The most common source of missing indexes in production is not carelessness -- it is the development/production gap. A developer adds a new query, tests it against a development database with 1,000 rows where the sequential scan completes in 2ms, and ships it to production where the same table has 50 million rows. The sequential scan now takes 3 seconds. No errors, no crashes, just a slow endpoint that users tolerate until they stop tolerating it.

Finding that one missing index is easy once someone complains. Finding ALL the missing indexes across your entire database -- before users notice -- is the real challenge.

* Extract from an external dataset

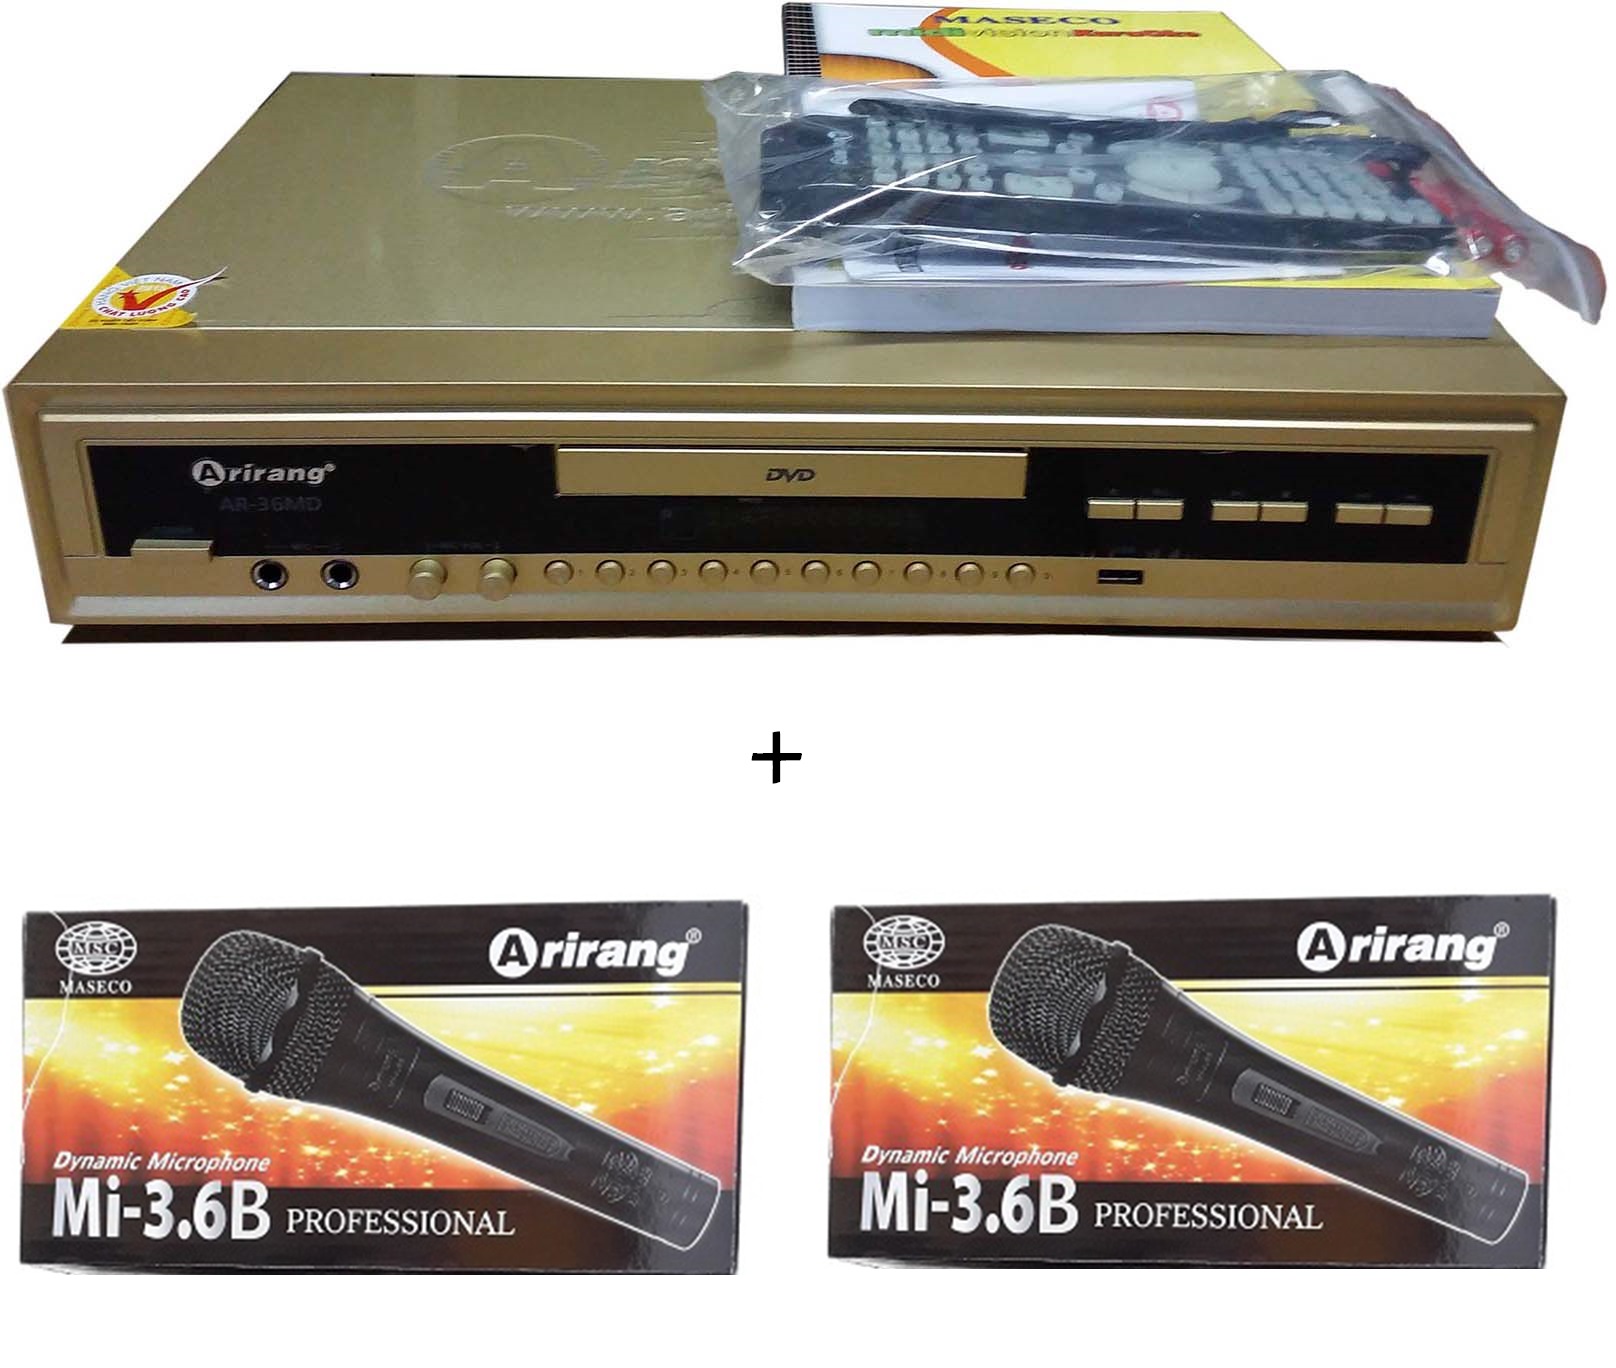 Đầu DVD Karaoke Arirang AR-36MD (vàng) + 2 micro có dây Arirang 3.6B

Identifying Tables That Need Indexes

Start by finding tables with disproportionate sequential scan activity:

SELECT
    schemaname, relname AS table_name,
    seq_scan, idx_scan,
    CASE WHEN (seq_scan + idx_scan) > 0
        THEN round(100.0 * seq_scan / (seq_scan + idx_scan), 1)
        ELSE 0
    END AS seq_scan_pct,
    seq_tup_read,
    pg_size_pretty(pg_relation_size(relid)) AS table_size
FROM pg_stat_user_tables
WHERE seq_scan > 100
  AND pg_relation_size(relid) > 10 * 1024 * 1024  -- tables > 10MB
ORDER BY seq_tup_read DESC
LIMIT 15;

Key interpretation points:

Table size matters. A table with 95% sequential scans and 8KB is fine -- PostgreSQL correctly chooses seq scan when the whole table fits in a few pages. A 500MB table with the same ratio almost certainly needs an index.
Use seq_tup_read, not just seq_scan. A table might have few scan events, but each one reads millions of rows. Sort by tuples read to find the highest I/O impact.
Rule of thumb: any table over 100MB with more than 10% sequential scan access warrants investigation.

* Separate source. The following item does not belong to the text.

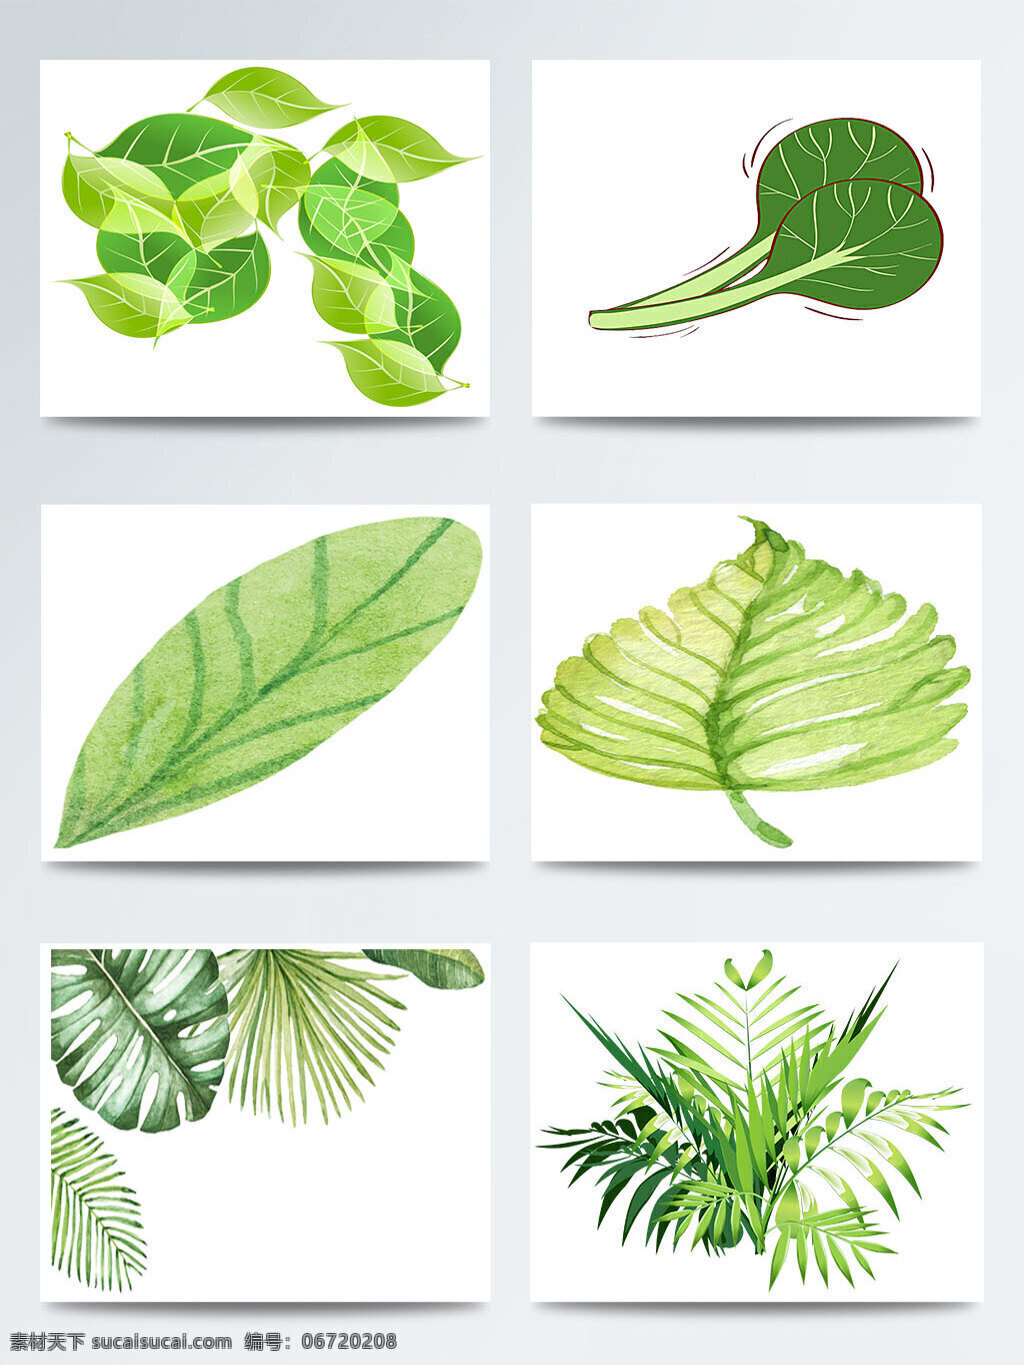 二十四节气 立春 手绘 树叶 元素 图案 传统 节气 卡通叶子 立春节气 绿色

Finding WHICH Columns to Index

Knowing a table is being sequentially scanned is only half the problem. You need to identify the filter columns from the actual queries. Check pg_stat_statements:

SELECT query, calls, mean_exec_time, rows
FROM pg_stat_statements
WHERE query ILIKE '%orders%'
ORDER BY mean_exec_time * calls DESC
LIMIT 10;

Then confirm with EXPLAIN:

EXPLAIN (COSTS, BUFFERS)
SELECT * FROM orders
WHERE customer_id = 12345 AND status = 'pending'
ORDER BY created_at DESC LIMIT 10;

The output reveals which columns appear in Filter: conditions and Sort: operations -- these are your index candidates.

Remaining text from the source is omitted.